▶ _TASK DETAILS_: Further down are entries; set down exactly and only the lines from the one with "Samsung Level U" up to and including the one with "Captivating Grandmau0027s Garden.", dropping each picture.

▶ _DATA RECORDS_:

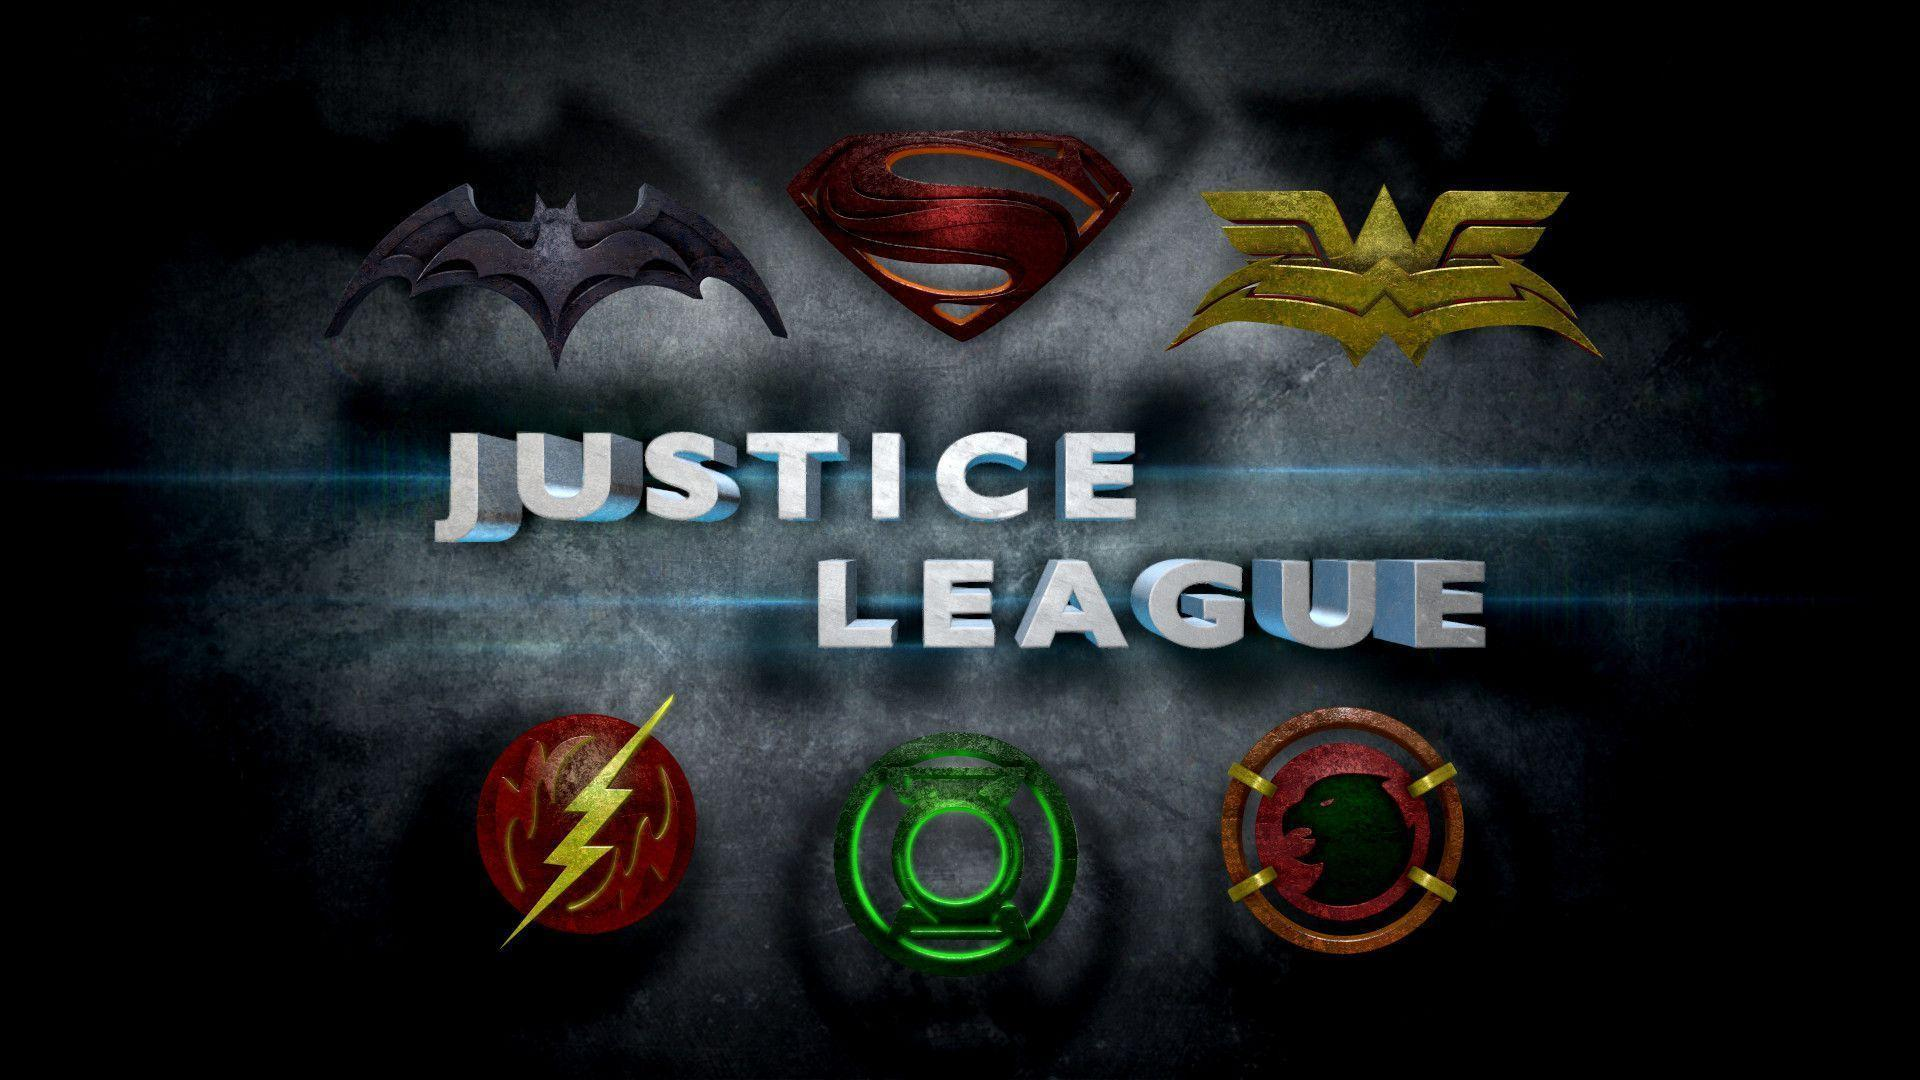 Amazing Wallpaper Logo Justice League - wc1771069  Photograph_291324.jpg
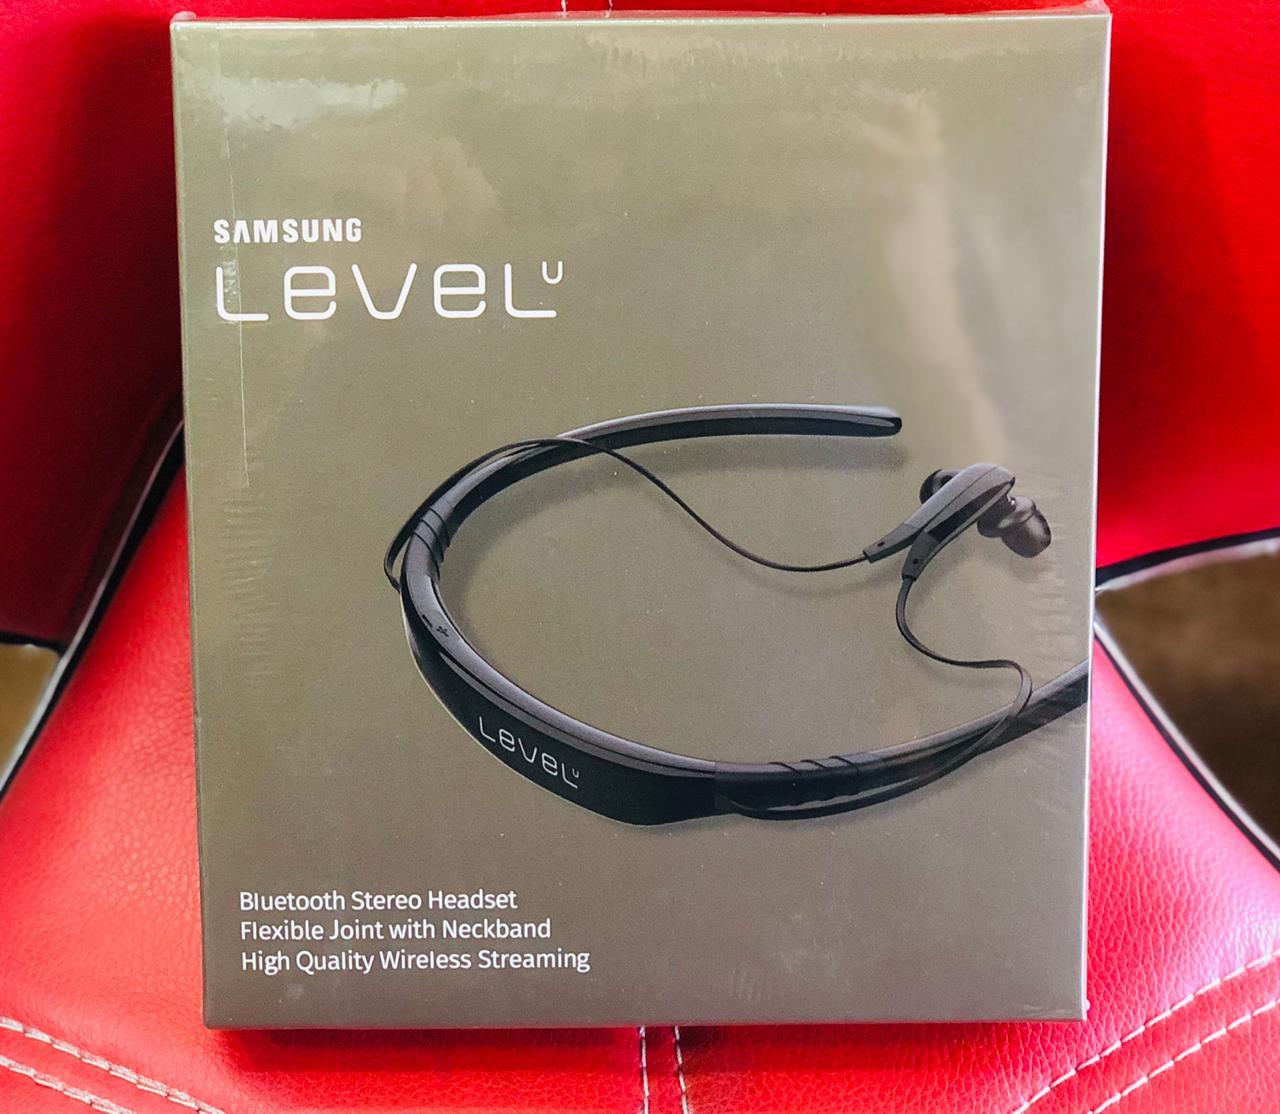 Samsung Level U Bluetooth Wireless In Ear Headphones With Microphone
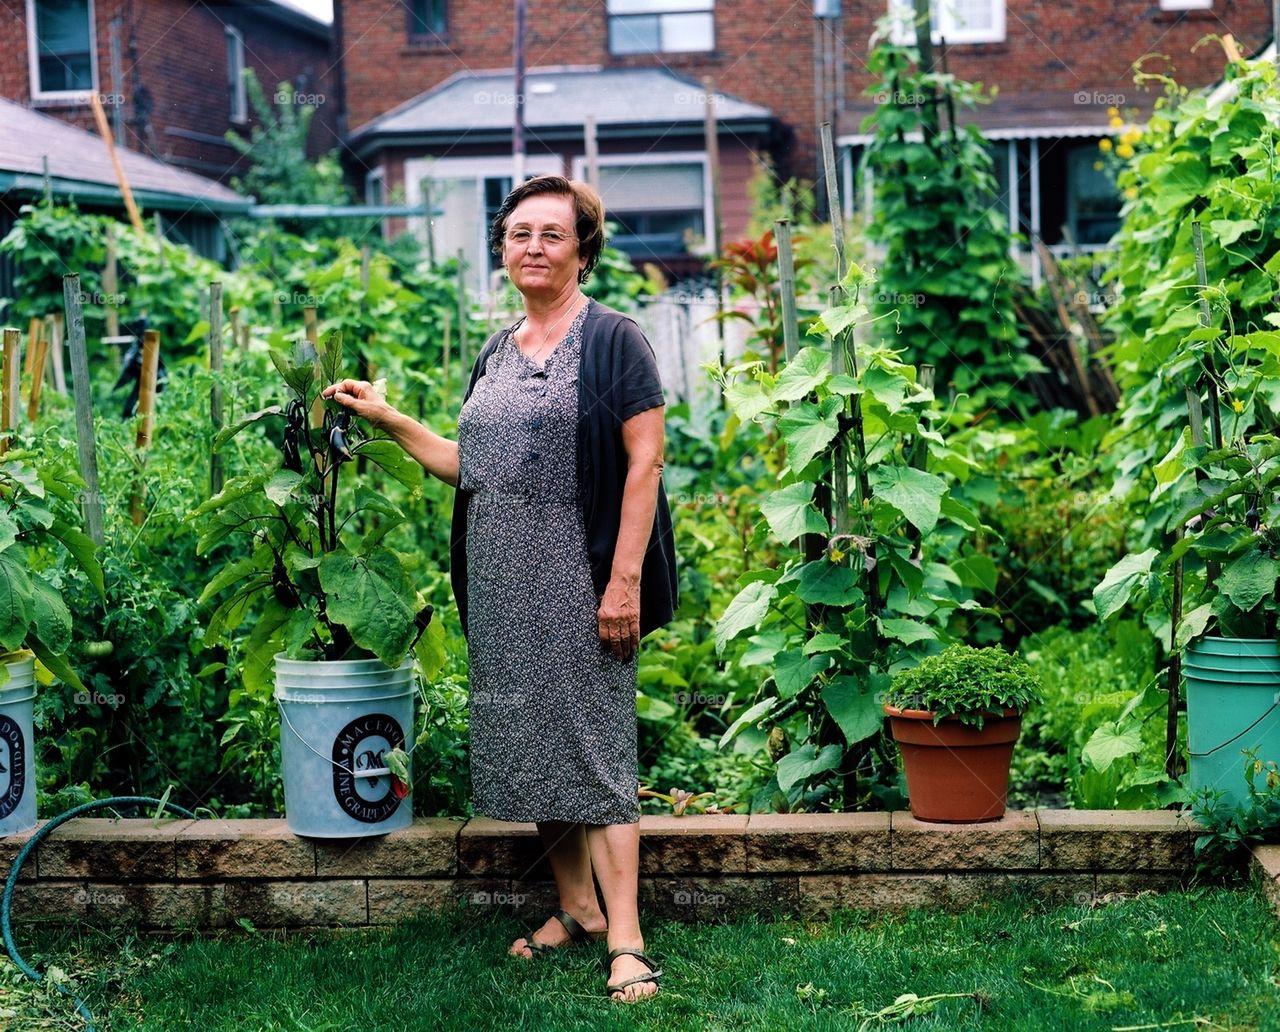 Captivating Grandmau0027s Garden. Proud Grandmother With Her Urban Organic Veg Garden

...

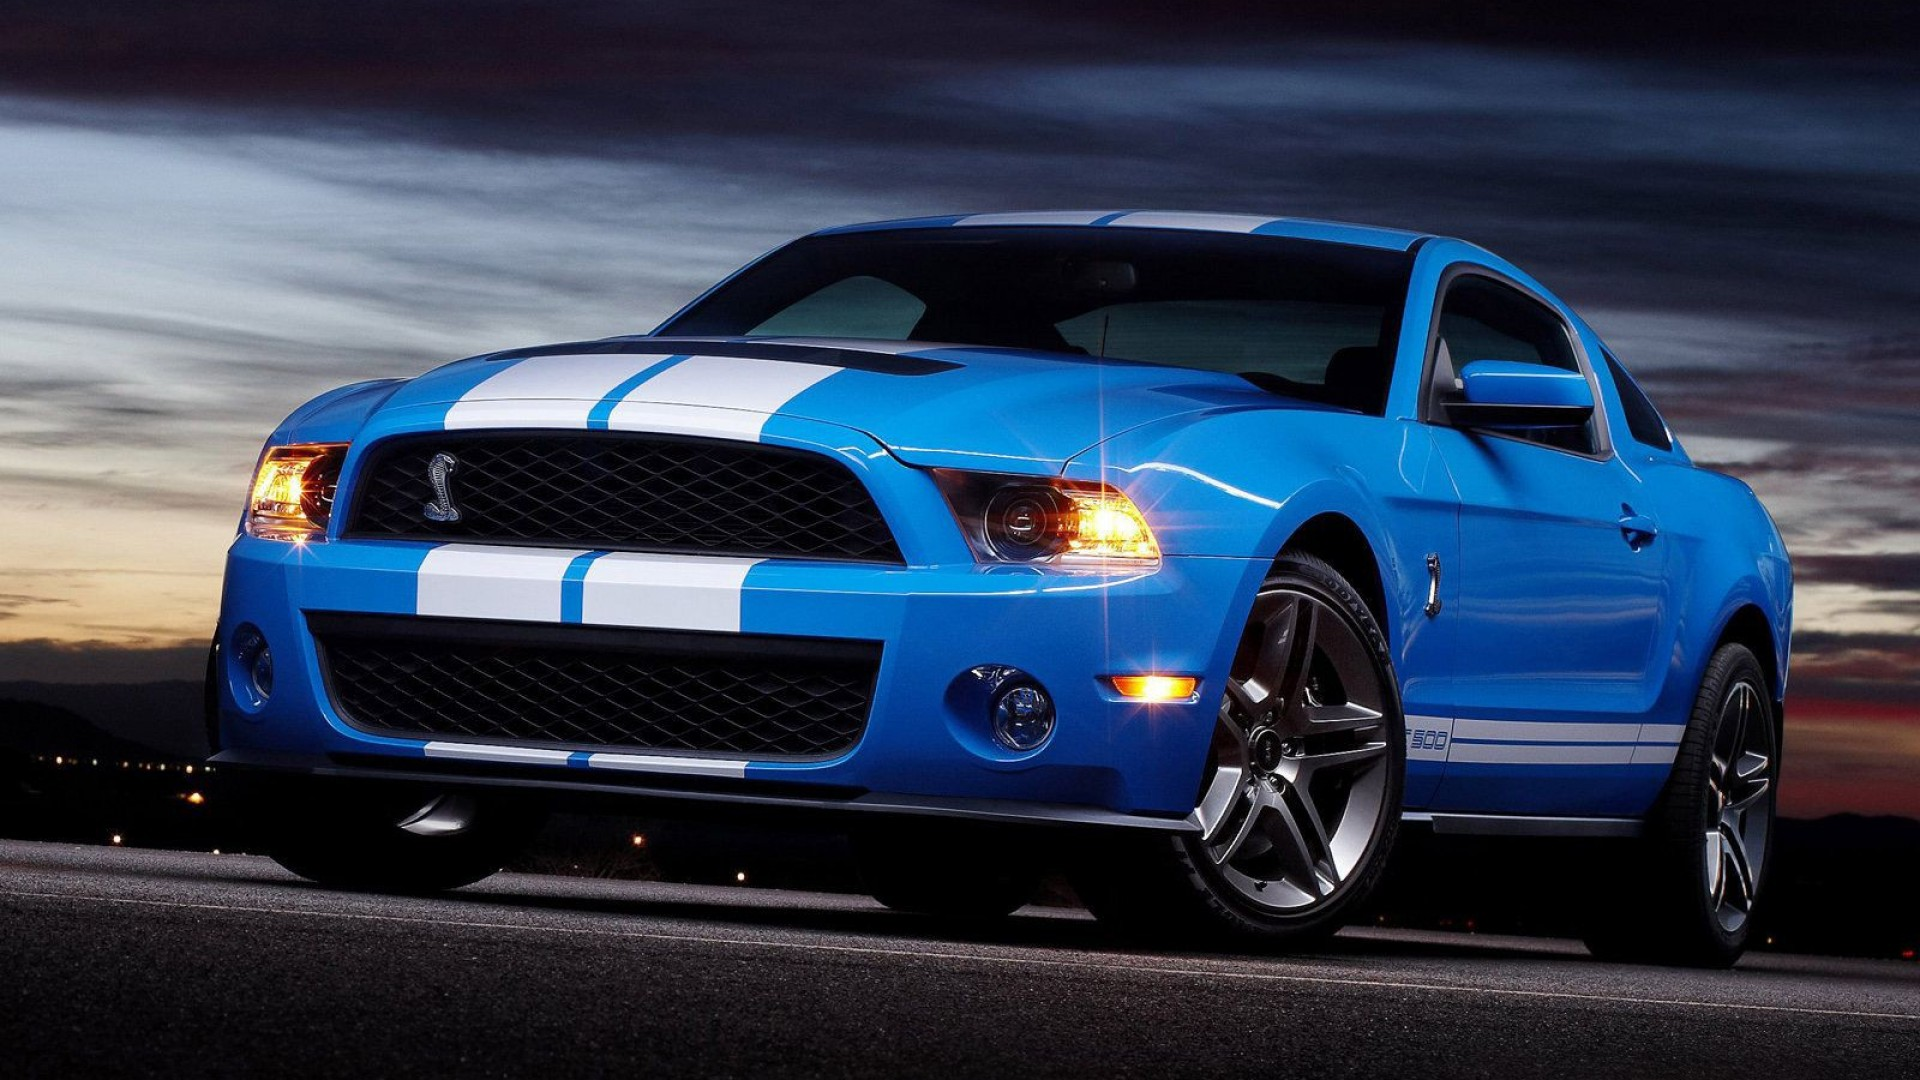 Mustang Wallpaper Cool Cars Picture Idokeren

▶ _WRITTEN SOLUTION_:
 Samsung Level U Bluetooth Wireless In Ear Headphones With Microphone
 Captivating Grandmau0027s Garden. Proud Grandmother With Her Urban Organic Veg Garden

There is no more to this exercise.